For ten years now, on September 11 somebody always quotes Burke: “Those who don’t know history are destined to repeat it.” I, for one, am glad for the reminder. Even those of us who do know a little history are quick to forget the details. And the wisdom usually comes from the details.
Having been on the planet for over half a century, I’ve got my own history. Some of it, I’d like to forget. Interestingly, it’s that exact stuff that seems to have cemented itself to my memory—probably because I was taught by it.
Right now, as I write this, the forefront of my brain is flooded with faces and places covering five decades. Time heals, thankfully, but it’s weird: recollecting formative events brings to mind specific details: everything from rooms and roads, to radicals and reprobates. The more frightful the occasion, the more vivid is the memory. I cannot forget. I dare not forget.
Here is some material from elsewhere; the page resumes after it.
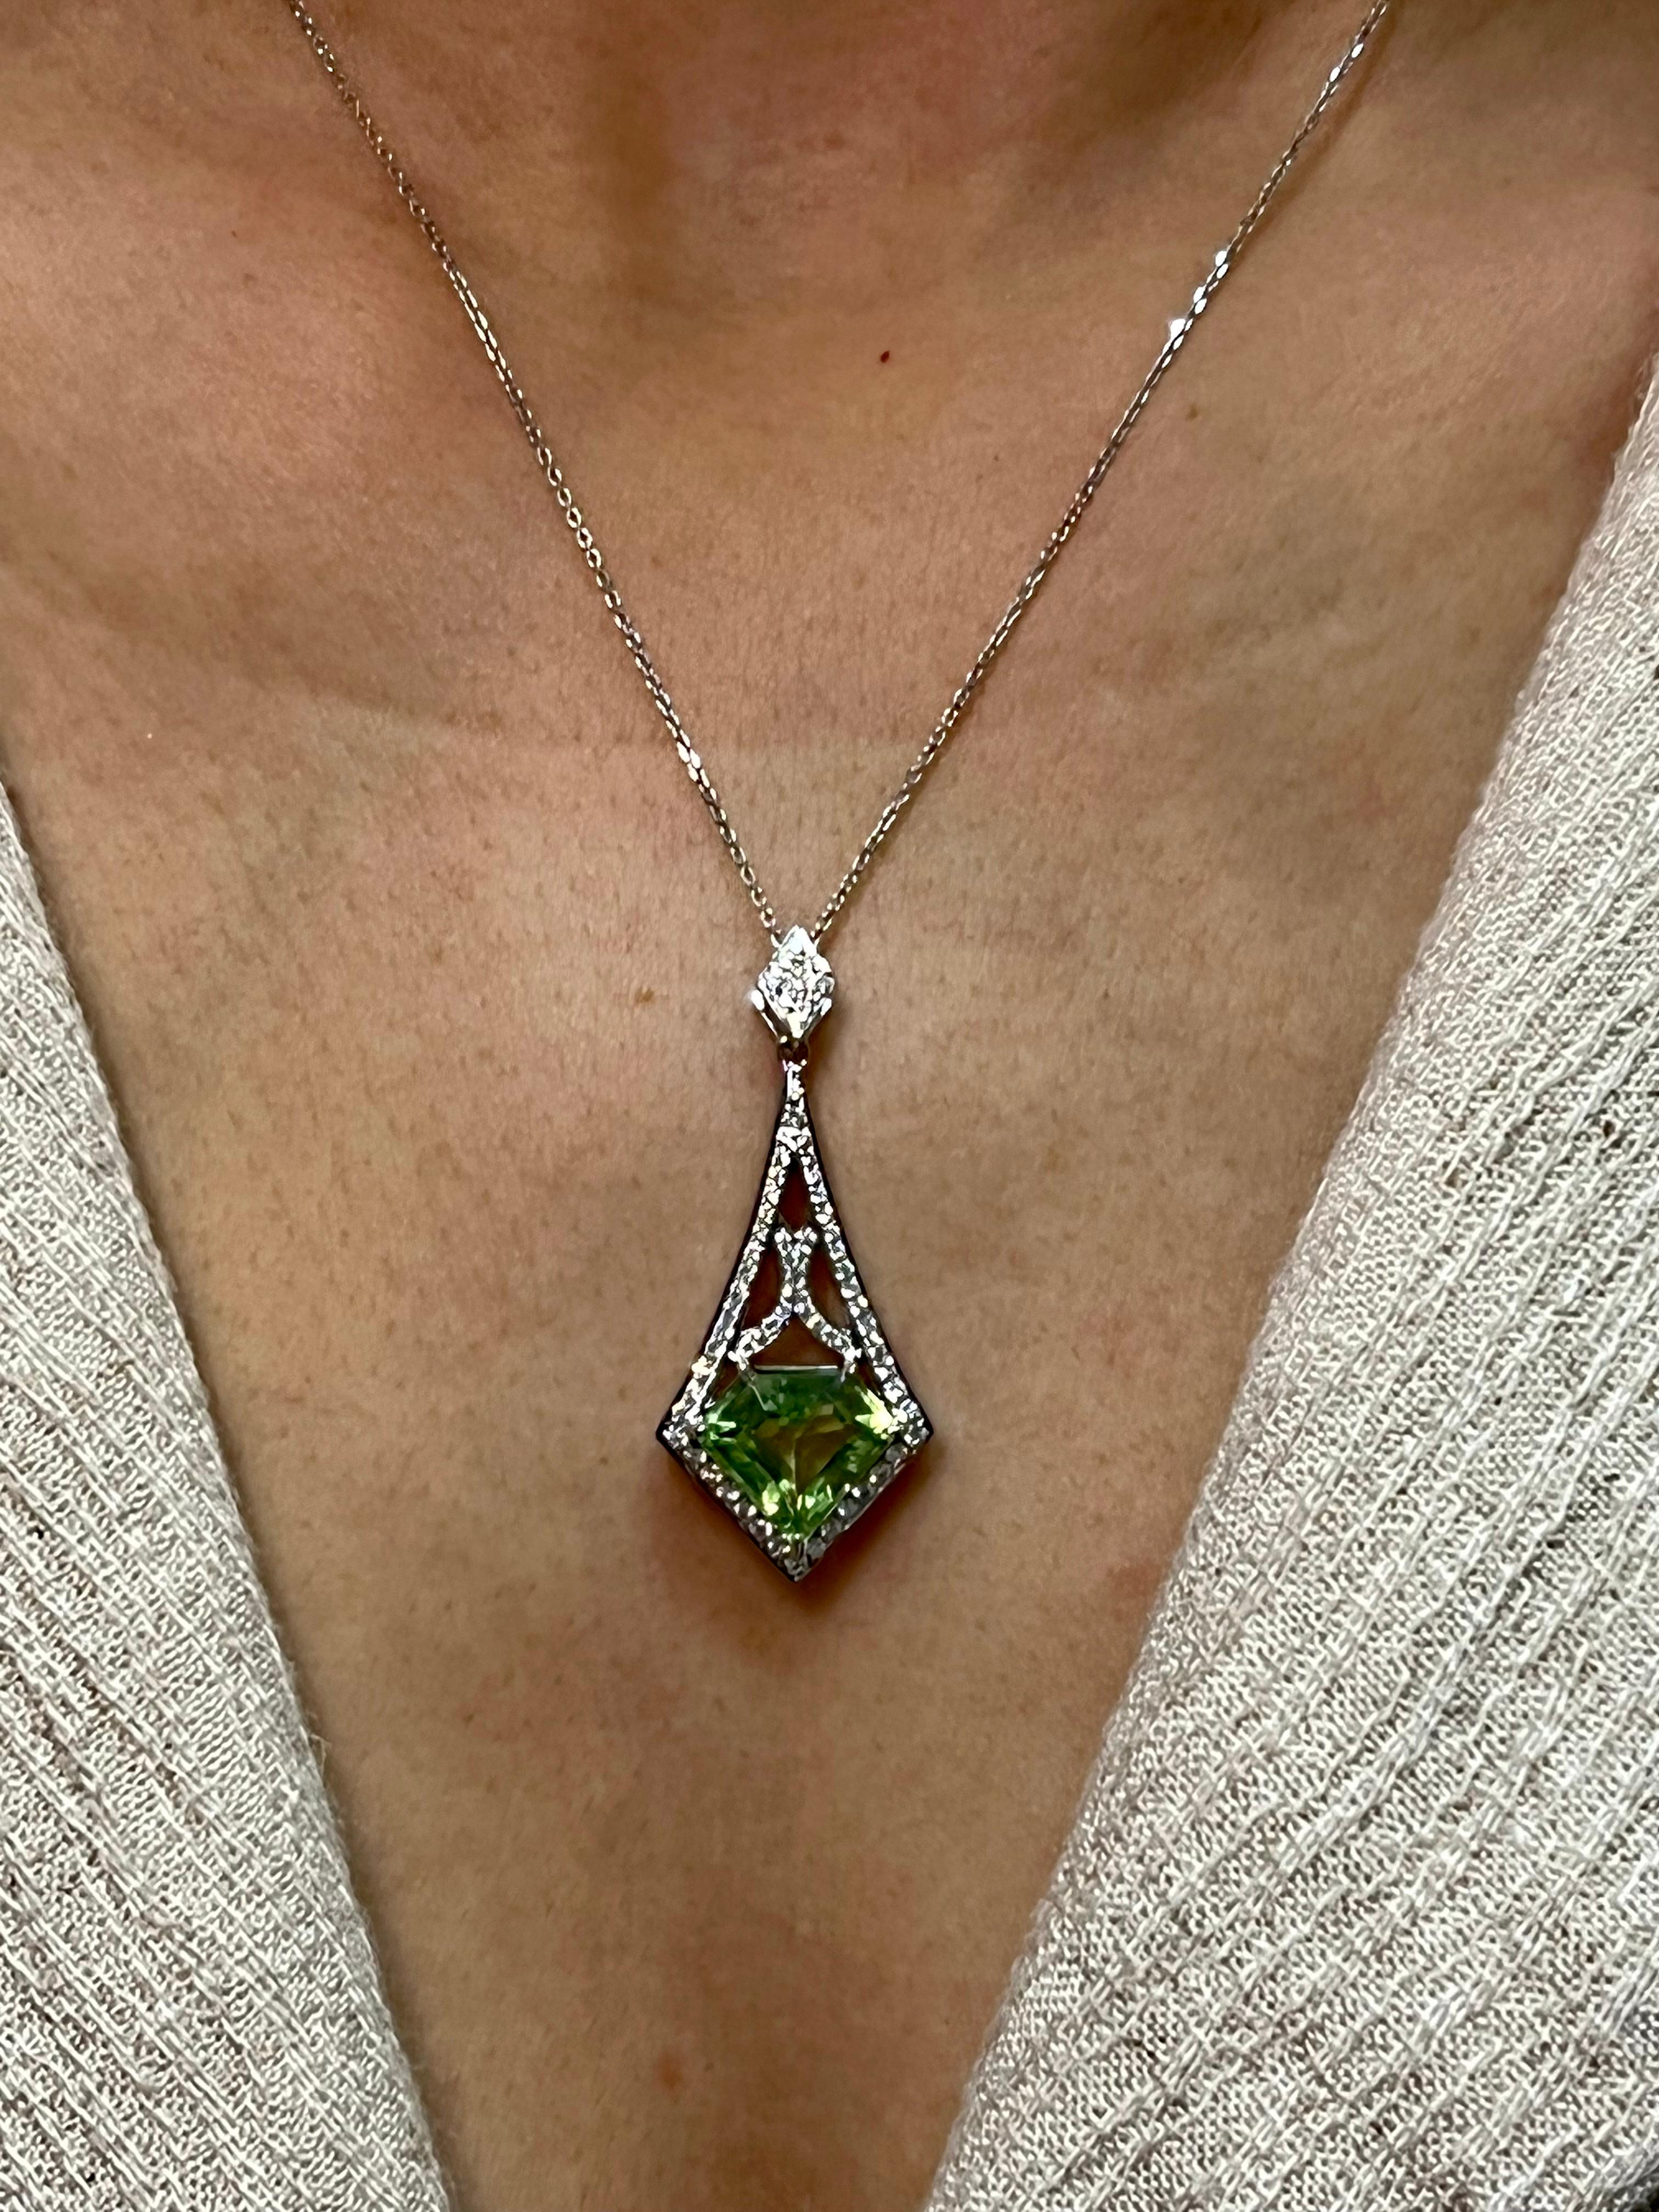 Please check out the HD video. This is a versatile piece of jewelry made with a top notch gem peridot. You can wear this pendant dressed up or down. The green peridot pendant is made of 18k white gold and diamonds. There is one larger natural

Most of my street smarts are welcome additions to my repertoire, but they didn’t come without a price.
Life’s “history lessons” are many and varied. I’ve learned through second-hand study, and first-hand familiarity; I’ve experienced worldly sorrow, and godly sorrow. I’ve gone to the school of hard knocks (even got held back a few times). I have scars on me, from head to toe—inclusive (literally). As much as I wish I could disengage my memory, that’s not how God designed us. We are to forgive offenses, but not forget the lessons.
So: all those faces and places swimming around in my head can settle back down; short of a frontal lobotomy, they’re here to stay. The important thing is not to bring them out to play.